Scientists identify ‘bottleneck’ in drug delivery pathways in stem cells
In order to gain entry to a cell, nanoparticles can be engulfed by the membrane surrounding the cell, forming bubble-like vesicles—endocytosis. Credit: Adapted from CC BY-SA 4.0

Our bodies have evolved formidable barriers to protect themselves against foreign substances, from our skin to our cells and every component within the cells. These defenses pose a challenge for pharmaceutical drugs and therapies that have to overcome multiple obstacles to reach their targets.

Barriers are important in pharmaceutical science and drug design, but they are still unknown and how to overcome them is a mystery.
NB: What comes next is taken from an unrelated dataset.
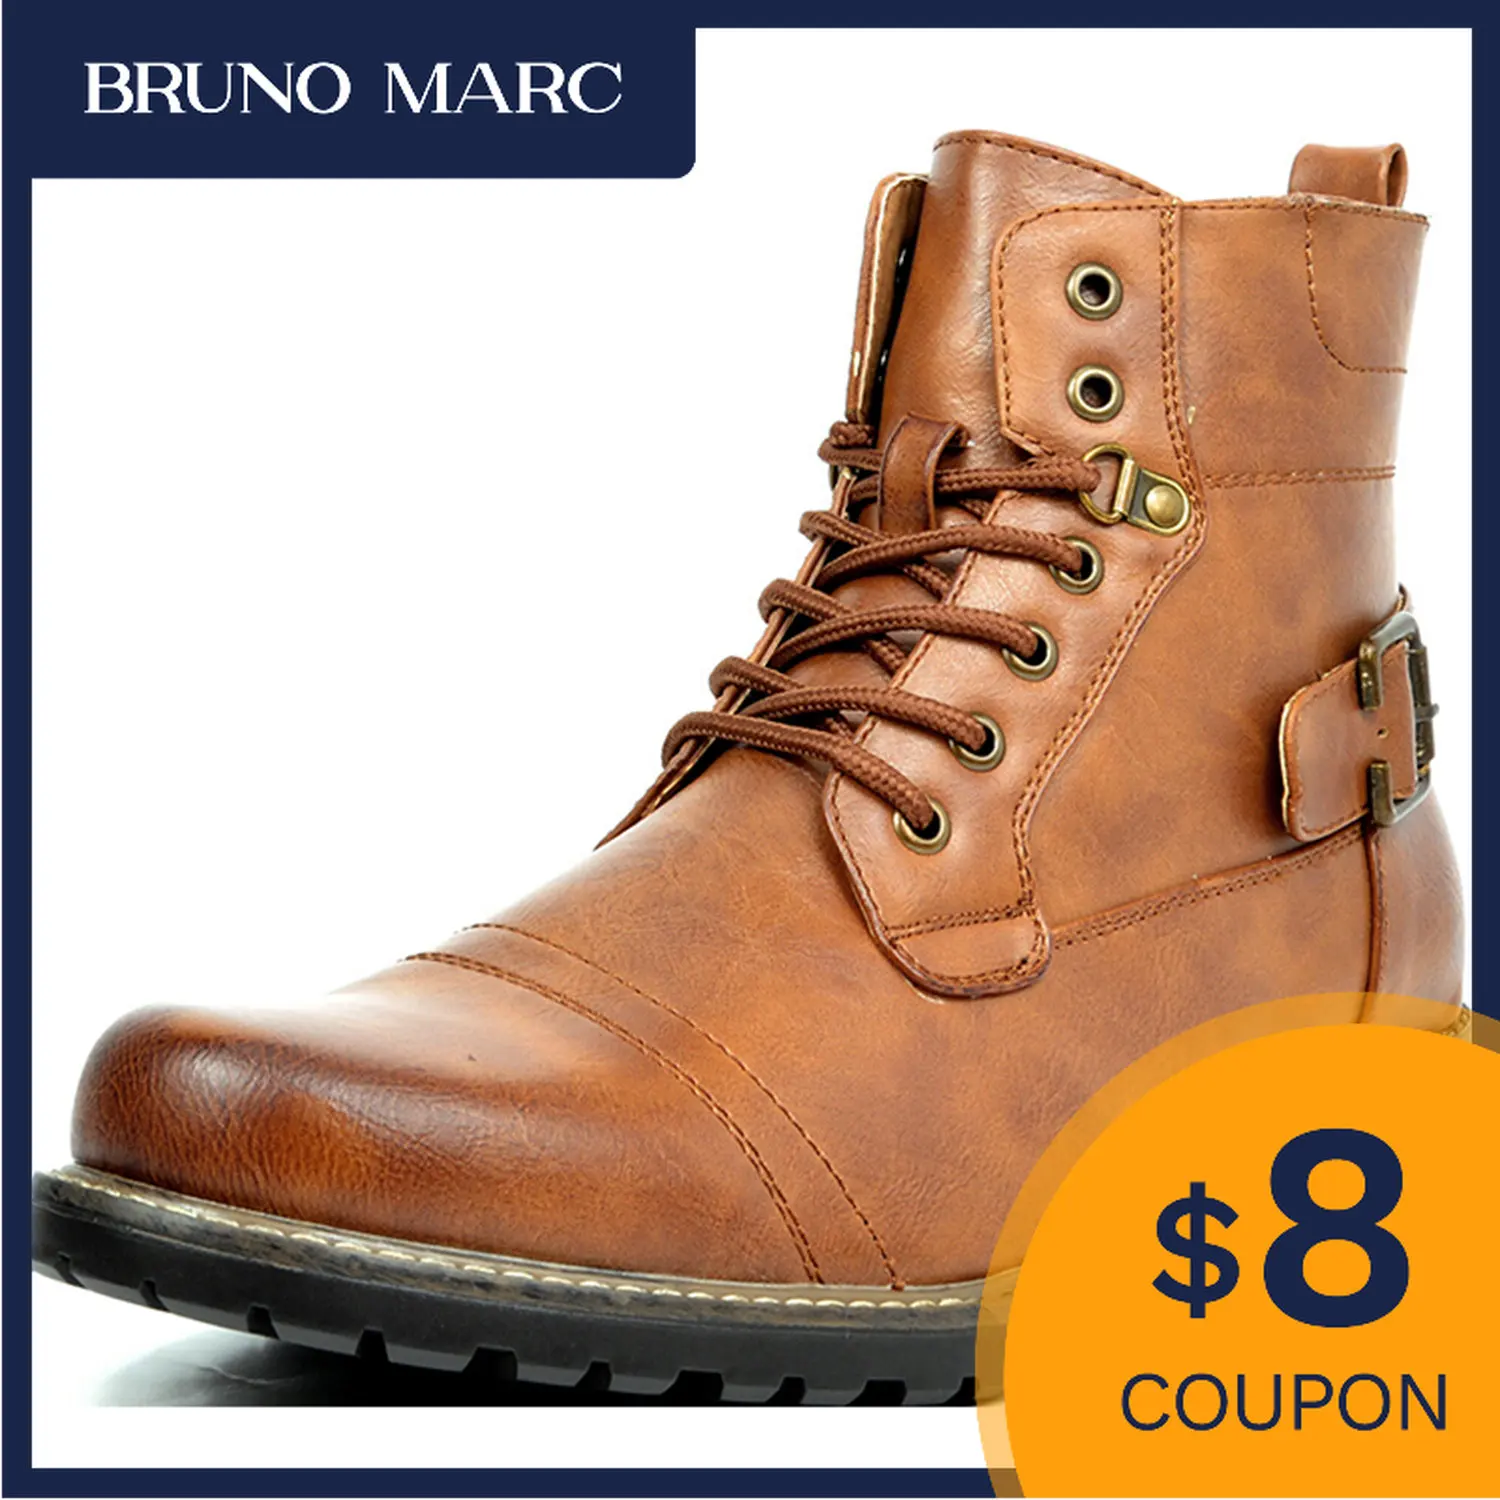 Bruno Marc Male Oxford Business Boot Motorcycle Round Toe Autumn Winter Men Ankle Boots Casual PU Leather Shoes Chelsea Cowboy

The delivery of drugs to cells can be difficult and a recent study sheds some light on why.

Coming past obstacles.

Hundreds of millions of us have been injected with the COVID-19 vaccine, which has to be enclosed in protective bubbles so that it can pass through the body's defenses and reach the intended target.

Stem cells, immune cells, and nerve cells have barriers that are difficult to overcome, so the delivery of particles into these cells is even more difficult.

The researchers combined cutting-edge microscopy techniques to track the delivery of nanoparticles, which are often used for drug delivery.

According to their findings, certain types of cells prevent nanoparticles from reaching their intended target by trapping them inside bubble-like vesicles.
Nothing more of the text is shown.